How to measure AI coding agent productivity after GitHub shipped a merge-count metric

2026-06-28

An engineering dashboard showing a tall bar chart of merged pull requests next to a much shorter bar labeled verified, with a magnifying glass over the gap between the two.

GitHub just added a merge-count-by-adoption-phase metric to the Copilot admin console. It is a great input and a dangerous board number. Here is how engineering leaders measure real coding-agent productivity without mistaking volume for value.

I want to flag a small feature GitHub shipped on June 26, because it is going to end up on a board slide near every engineering leader reading this, and it is worth putting there on purpose rather than by accident.

GitHub added a new field to the Copilot usage-metrics API for organizations and enterprises. It is called total_pull_requests_merged, and it breaks merged pull requests down by AI adoption phase. So now an admin can open a report and see, in raw counts, how many PRs the heavy AI adopters merged versus everyone else, in both one-day and twenty-eight-day windows. The changelog describes the point of it plainly: with a total instead of just a per-user average, a leader can work out what share of all merged PRs each adoption phase contributed.

That is a genuinely useful number. It is also the most seductive trap in coding-agent measurement right now, because it counts the thing AI inflates most easily and says nothing about whether that thing was any good.

TLDR

GitHub now ships merged-PR counts by AI adoption phase straight into the Copilot admin console. Treat it as an input that tells you where the volume is coming from, never as the productivity number itself. The defensible metric is verified merged output per engineer over fully loaded cost per engineer, because every credible 2026 study shows merge volume rises while team delivery stays flat and the gain pools at the review step.

The number that just walked into the admin console

Here is what happened, with the specifics, because the specifics are the whole point.

On June 26 GitHub added merge counts by adoption phase to the Copilot usage-metrics reports. The day before, June 25, it shipped a related change: Copilot code review now uses built-in file-exploration tools, which the changelog says cut review cost by about twenty percent at the same review quality. Put those two together and the shape of the week is clear. The harness vendor is making the cost of reviewing AI output cheaper, and at the same time it is handing leadership a tidy count of how much output got merged. One side of the ratio is getting more honest. The other side is getting easier to misread.

I have watched a lot of engineering leaders build their first AI productivity slide over the last year, and the pattern is always the same. The merge count is right there, it is big, it went up, and it has the vendor’s logo on it. So it goes on the slide. “Our phase-three adopters merged a far larger share of PRs this quarter.” Everyone nods. The slide ships.
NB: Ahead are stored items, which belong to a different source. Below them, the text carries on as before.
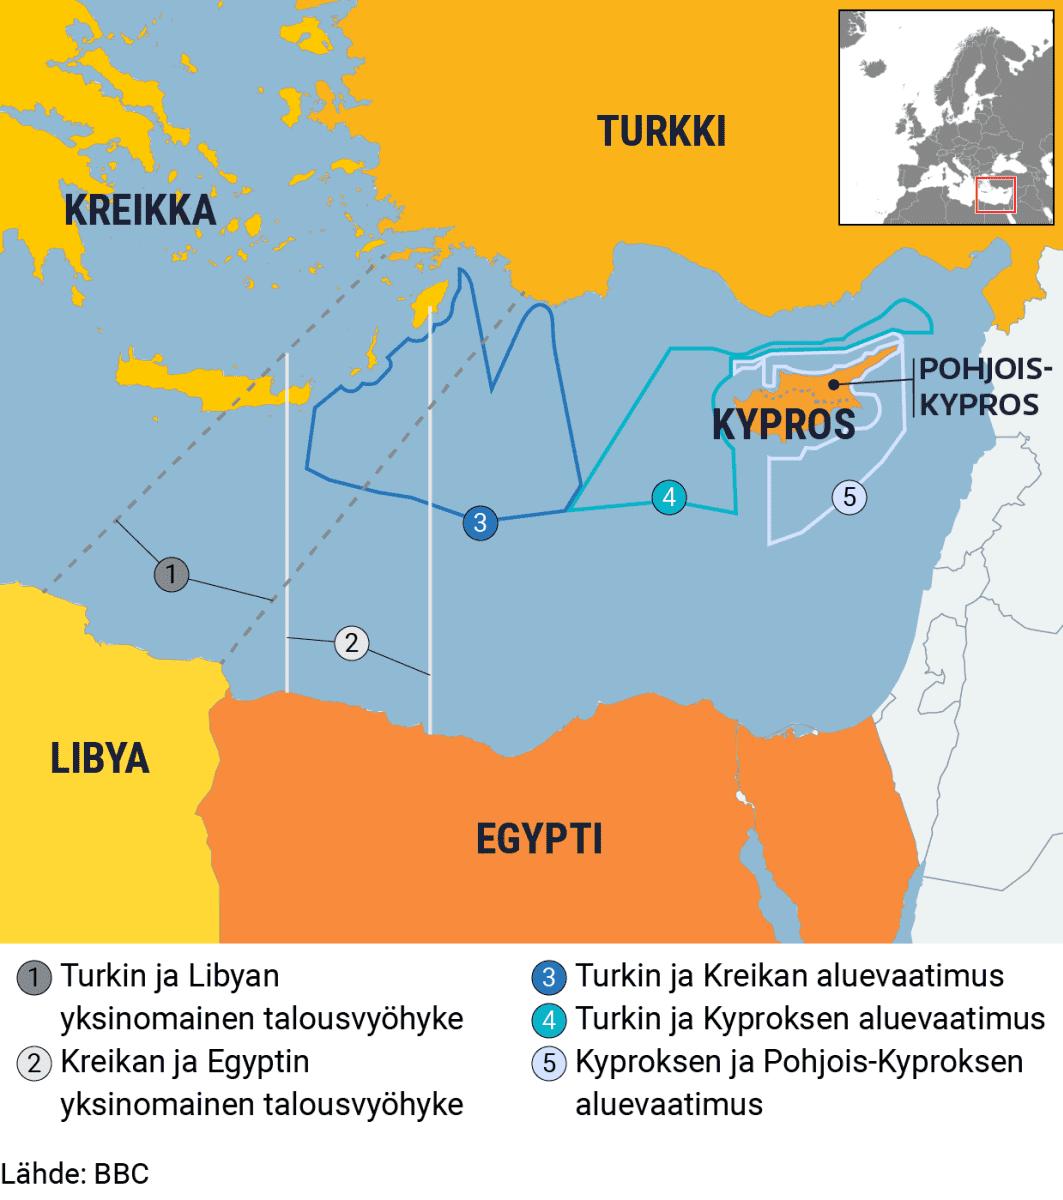 Kartta aluevaatimuksista Välimerellä.
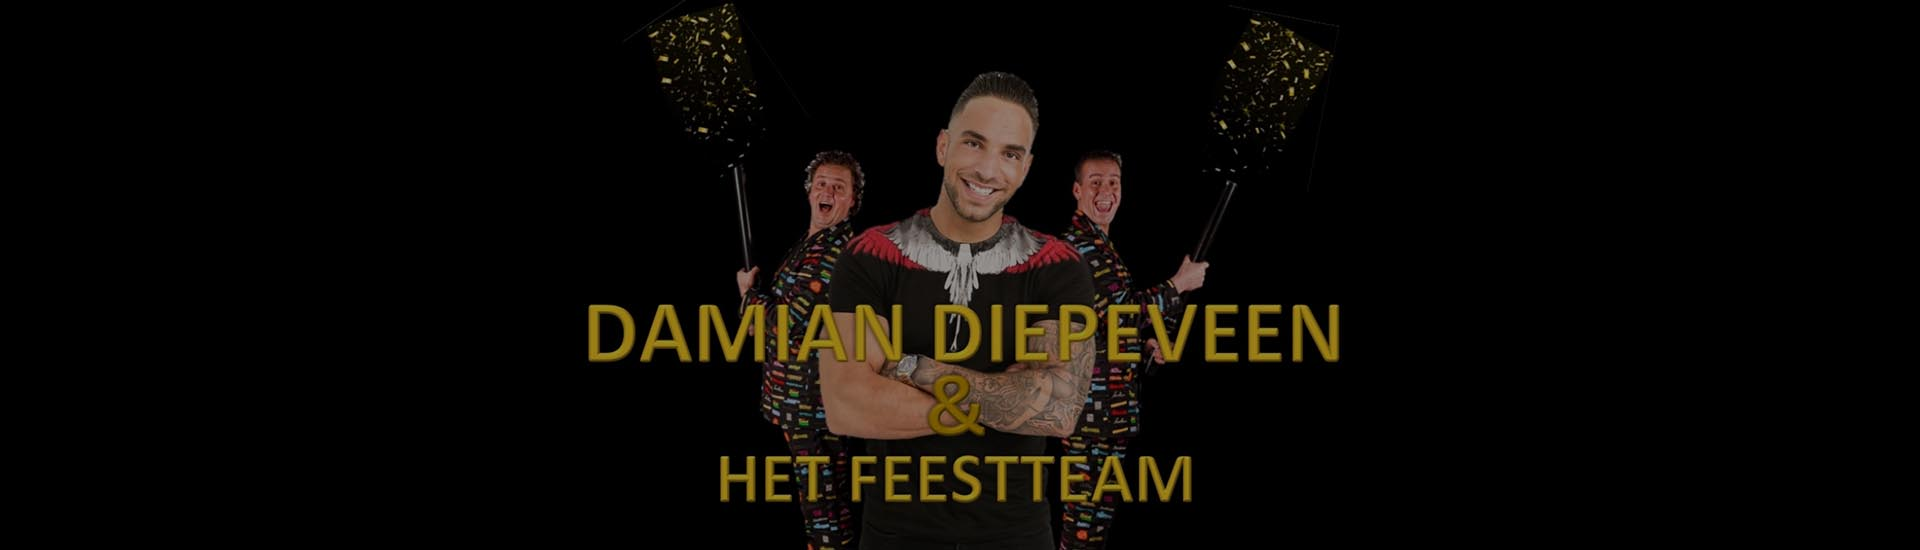 Damian Diepeveen & Het Feestteam @ Sense
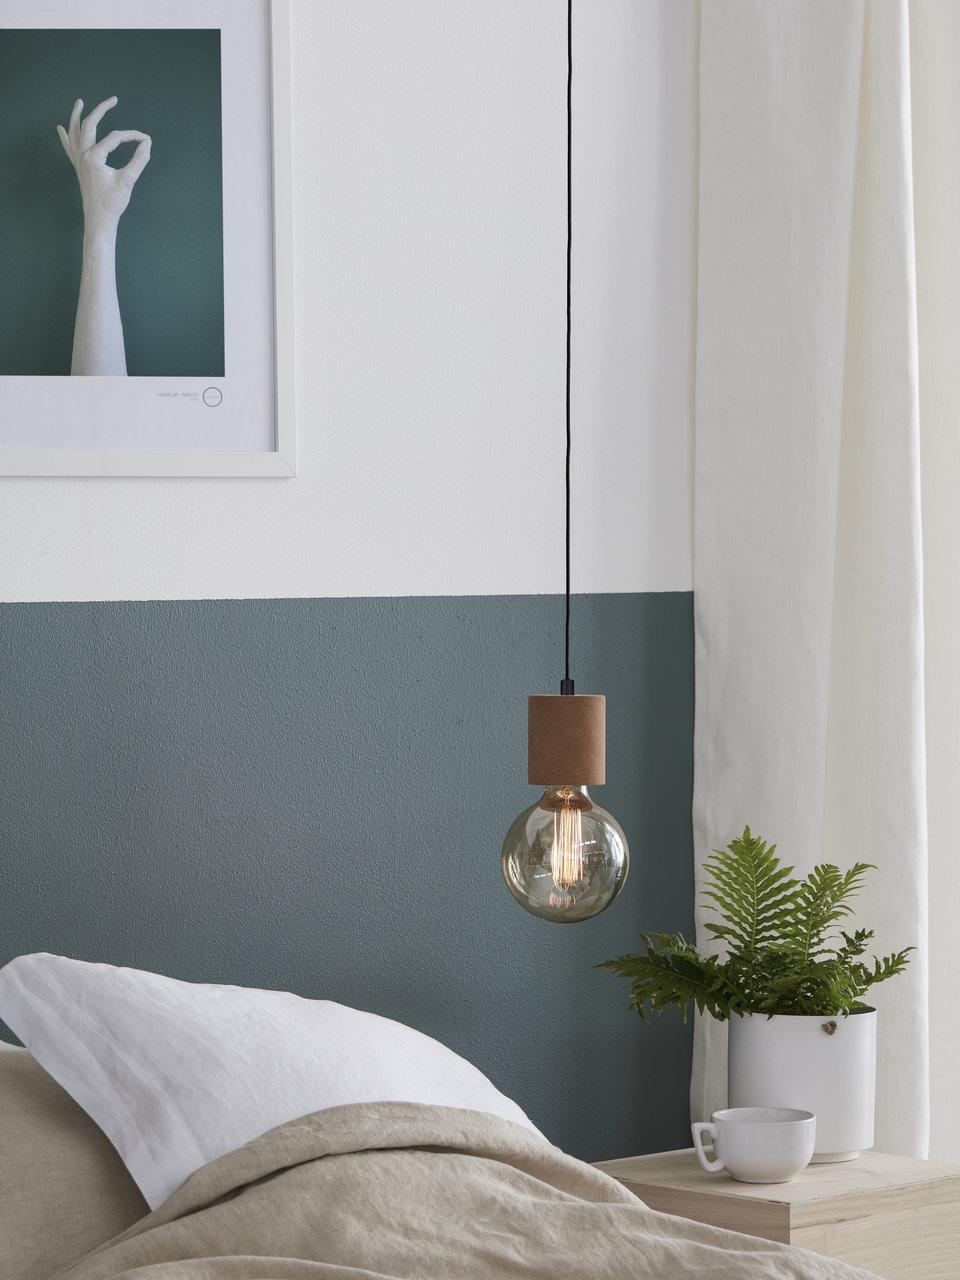 lampy wiszące małe łózko

The problem is not that the number is wrong. The number is accurate. The problem is that merged-PR count is precisely the metric an agentic harness moves first and moves most, and it moves whether or not anything got better.

What every 2026 study found when they looked past the merge count

This is where the outside evidence matters, and it is worth dating carefully, because none of it is from this week. It is the context that makes this week’s GitHub feature legible.
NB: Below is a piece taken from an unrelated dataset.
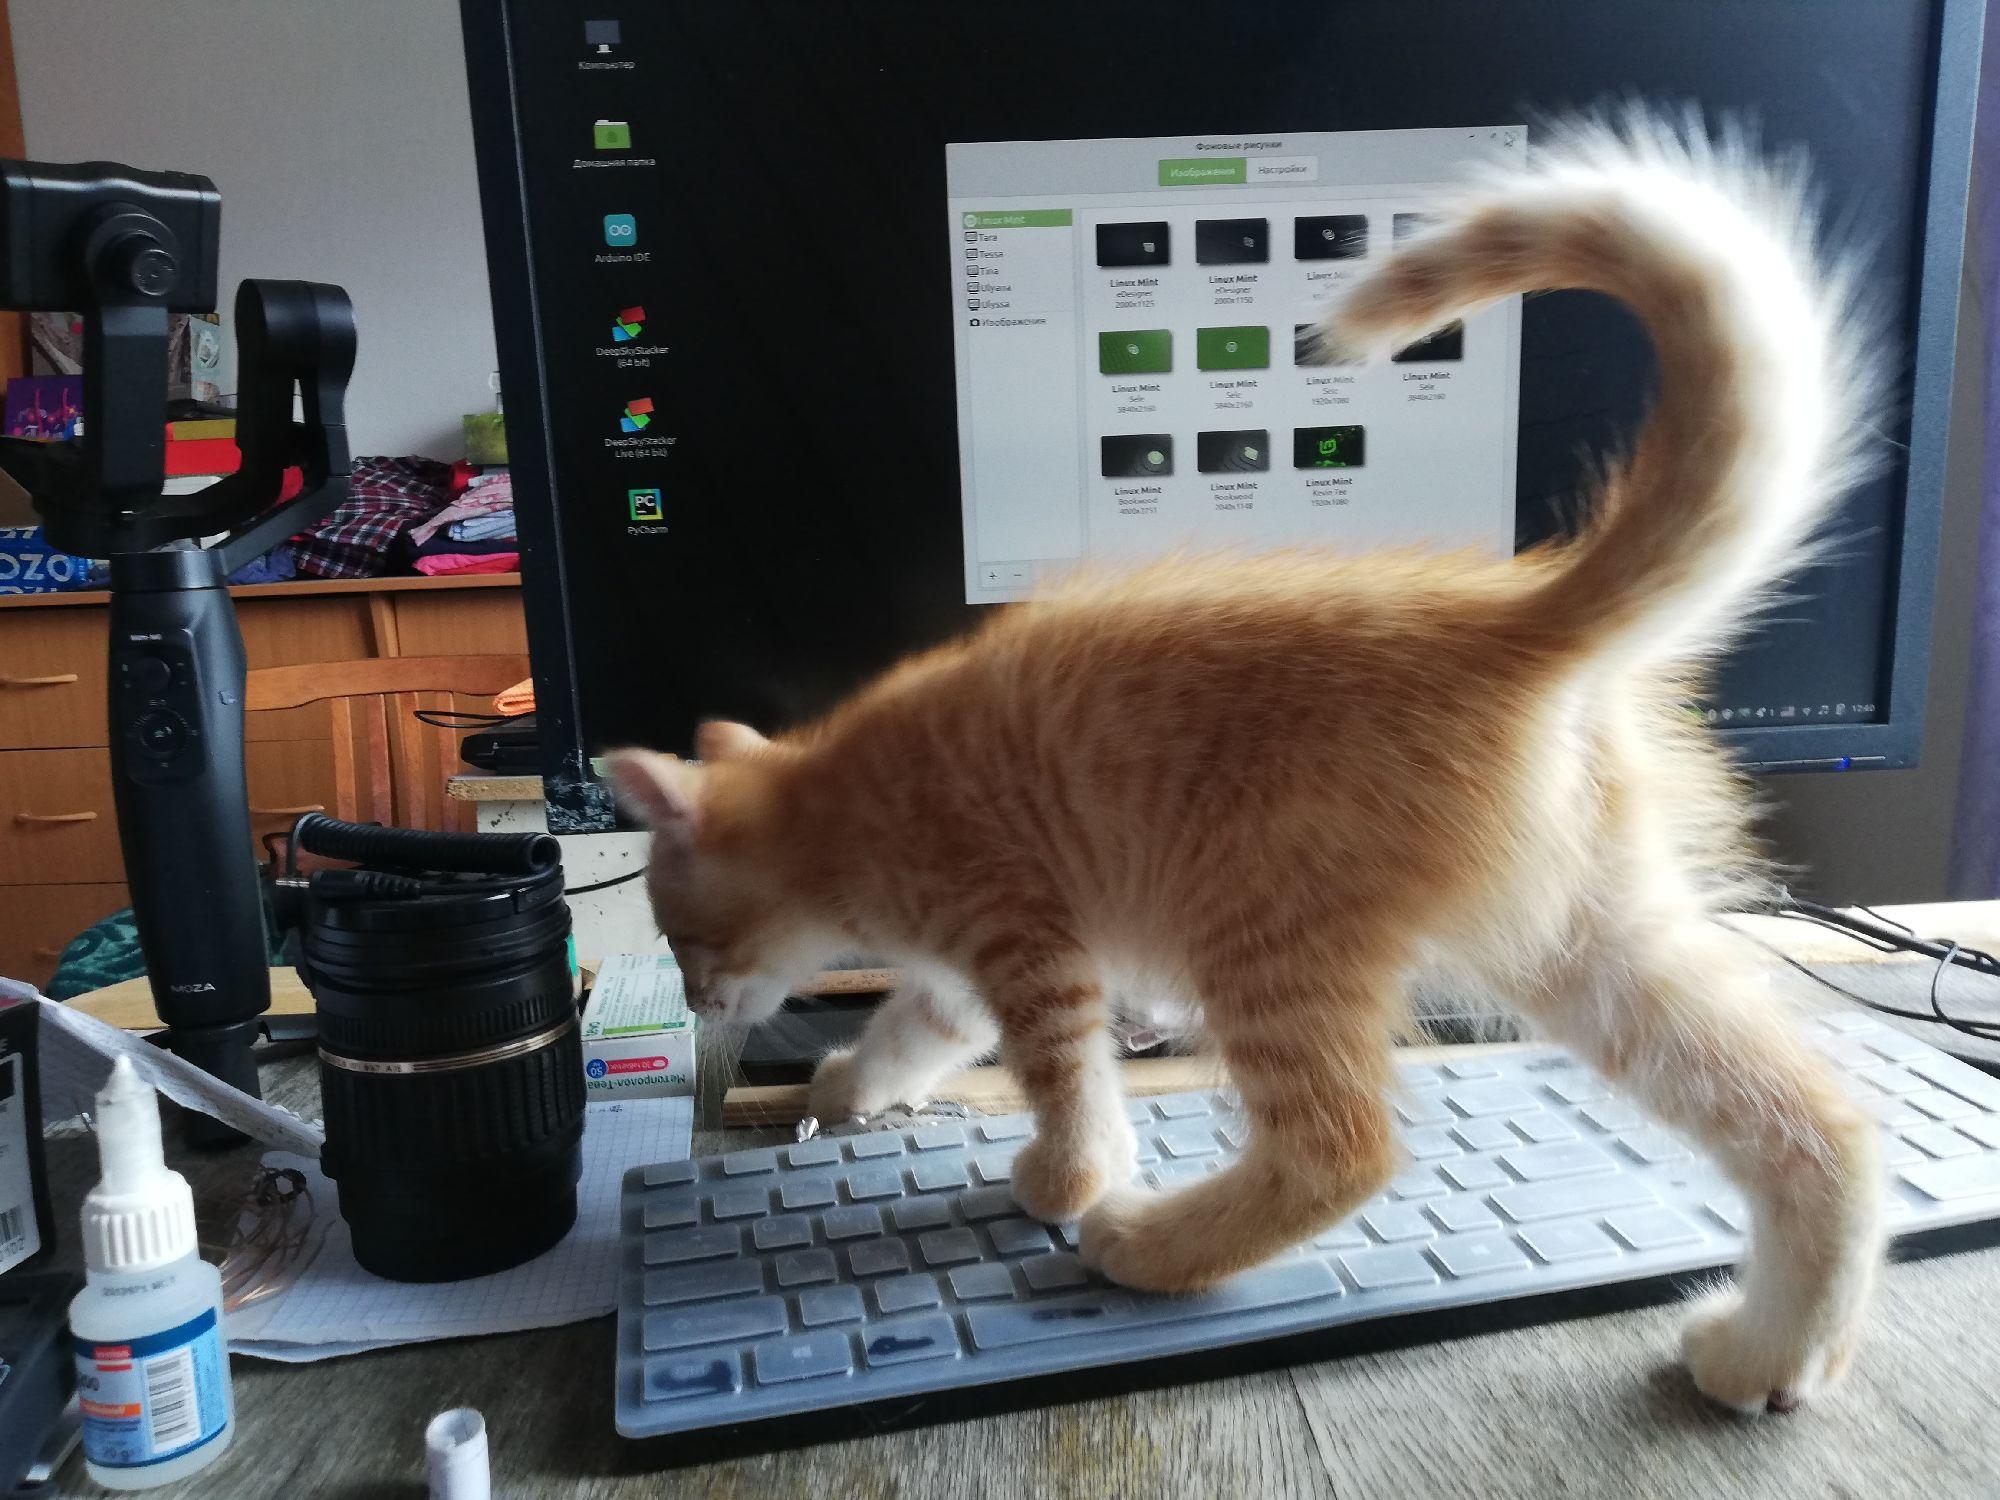 Первым делом котёнок прошёлся по ноуту, попытался сменить обои и выключил вайфай

The clearest single read is the Faros AI engineering report from April, the one they called the Acceleration Whiplash. They pulled workflow telemetry from ten thousand developers across more than a thousand enterprise teams, which makes it one of the larger data sets on this question. The finding is the whole argument in one sentence.

"Developers on teams with high AI adoption complete 21% more tasks and merge 98% more pull requests, but PR review time increases 91%."

Faros AI, The AI Engineering Report 2026, April 2026

Read that again slowly. Ninety-eight percent more PRs merged. And ninety-one percent more time spent in review. The volume nearly doubled, and the cost of checking that volume nearly doubled right alongside it. The work did not disappear. It moved downstream, from authoring to verifying, and it landed on the people doing the reviews.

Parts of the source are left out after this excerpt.